My new-to-me Craftsman snowblower - model# 536.918500. It had been sitting in a garage for years, picked it up last month, just got to play with it tonight. Carb was reasonably clean, just a little gas must have been left in it, but the little that was turned in to a hard, thick varnish. LOTS of carb cleaner and elbow grease, put it together, tank flush and new plug, fired right up! We got a couple of inches here in the Pittsburgh area tonight, this guy made quick work of it. Really, REALLY throws the snow! Time to give it a real good once-over - change hoses, belts, lube, etc. Hoping to find a manual, nothing online - anyone have one? Also, looks like the oil was changed before storage, but I'd like to give it a fresh one. A Sears manual from the same era, with a 7hp Snow King recommends 5w30. That's probably 40 year old technology, wonder if there's a better oil recommendation. What do you all think? Think that's the best weight? Dino, synth blend or synth? Thanks in advance!


----------



## detdrbuzzard

congrats on getting the driftbreaker up and running. as for oil most here use 5w 30 synthetic


----------



## bad69cat

I don't know if I'd do synthetics on a guy that old. Stick with tried and true Dino on it. As a matter of fact I ad ZDDP in my old ones. Bobistheoilguy.com is a great reference place on all things oil


----------



## Sid

That'a a great machine, should have bought one when I had the chance years ago. I have been using synthetic on my machine, FH Tech for the last 25 yrs. Original 50 yr Tech still runs great, and I never even have had the head off. As a concession to it's age, I only go 3/4 throttle, and it runs and throws snow great. Hoping for another 20 yrs, if I last that long.
Sid


----------



## Kiss4aFrog

:2cents:

I'm running 0-40 Mobil 1 in my 1032 (and others). Walmart has the best price. No problems


----------



## Cardo111

Nice machine, nice to see it still getting the job done in a big way. Who made these for Sears back in the day, was it Gilson?


----------



## sidegrinder

Not Gilson. I would guess AMF.


----------



## lee h

Congrats on a nice blower. I have one almost identical but
mine has the white housing for the lights.
As for oil, I have been using synthetic in all my snowblowers
with no issues at all.


----------



## Kiss4aFrog

Mine is a Noma. I get jealous every time I see one with the headlight assembly. Just can't get my hands on one for a price I'm willing to pay.


----------



## HCBPH

Congrats, you found yourself a great machine. Happens that one has the Tecumseh gear transmission in it vs a friction disk drive. It's a mean beast. 
I have one of them, one of many I have bought, rebuilt and sold

Happens I have a garage door that's too narrow for a 32" auger housing to go through so I took a narrower auger housing and swapped it out for that one so become my perfect machine


Here's one thing to watch:

The bolts that hold the transmission to the mounting shaft inside the tractor unit can work loose, or if you have the drive chain jam it can break the mounting points on the transmission (note the top 2 mounts I've cut off. I came up with a repair method so if it happens don't trash it out as there is a repair method. 

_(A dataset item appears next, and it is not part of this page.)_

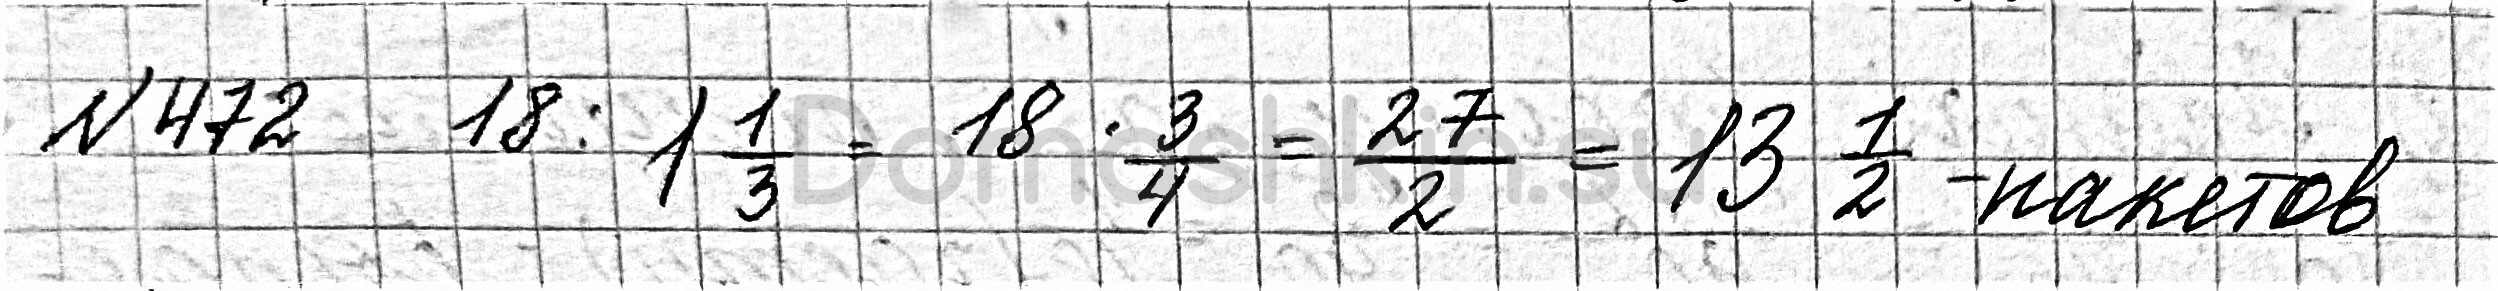 Математика 6 класс учебник Мерзляк номер 472 решение

Biggest problem you may have is the drive cable from the hand control to the belt tensioner breaking or rusting up. Again there are options so don't give up on it.

One last thing. There is a way to split the auger and drive from a common control and have done that to one machine. Finding the right parts take a little time and you need to make a part but it's possible.


----------



## HCBPH

sidegrinder said:


> Not Gilson. I would guess AMF.


 That ones a Murray. Part of the design originated with AMF but it's a Murray post AMF purchase based on all I've found out about them.


----------



## wildbill59

Guys, thanks so much for your answers, and so sorry in getting back to the forum here. Had a real plateful with our 'Blizzard Of 2016!'. Eh, we only got about 8 inches, but areas not too far from me got over 2 feet. I have a small engine repair shop, and drive a tow truck on-call for my neighbor. I plow a couple of local lots, not to mention my own driveway and lot. Not to mention keeping up with my own equipment and vehicles, just not much time for forums. Heck, a couple of my Facebook friends even called me, that hadn't seen me on for almost a week. So again - sorry I hadn't gotten back with you guys (I know you're not losing sleep over it, I just don't want to be rude). Kissafrog, always fun to see your posts, I see you all over the place! And HCBPH, thanks so much for the post about the Peerless trans - I have the same problem. One of my mounts is cracked just like yours, I'd be interested to hear what your repair procedures were. It's supposed to go up into the 50s this weekend, so I won't be plowing, so I should have plenty of time for forming! Thanks to everyone that wrote, hope to hear back from you guys. Again, sorry for being a lousy forum member.


----------



## wildbill59

HCBPH, that's quite a bunch that you have there! I saw your video on Youtube about combining your 32 and 26 to fit your doorway, nice work! As I said in the last post, looks like I have a broken mounting boss on my 700, would like to hear what you did with it. I'm going to look in my salvage yard - I have a dozen or so rear-engine riders - if I'm not mistaken, some of them use the same Peerless 5 speed. Am I right?


----------



## wildbill59

From the looks of the hardware, I think someone already had this transmission apart. Don't know if I recently cracked that boss during our 'big' snowfall - did push it to the limit a few times trying to cut through the 2 foot plowed packed drifts at the side of our lot (thanks, PennDOT!), or if the previous owner cracked it. Also, looks like they got rid of the Bentonite and used something thinner - there's a kind of melted, oozing grease all around all of the seals. That's just wet motor oil on the chains, gotta clean that up. I was thinking of topping off the gearbox with John Deere corn head grease - any thoughts? Again, thanks to all of you guys in advance!


----------



## HCBPH

I have a pdf that has complete instructions including pictures, if you send me your email I can send it along. It will likely be next week before I can get it out but here's the short version if you want to work on it now. The doc was from the other year when I sold a few of the kits I made to do the repair. It doesn't give the dimensions of the plate or spacer, but you can get those off your transmission and make them based on the info below.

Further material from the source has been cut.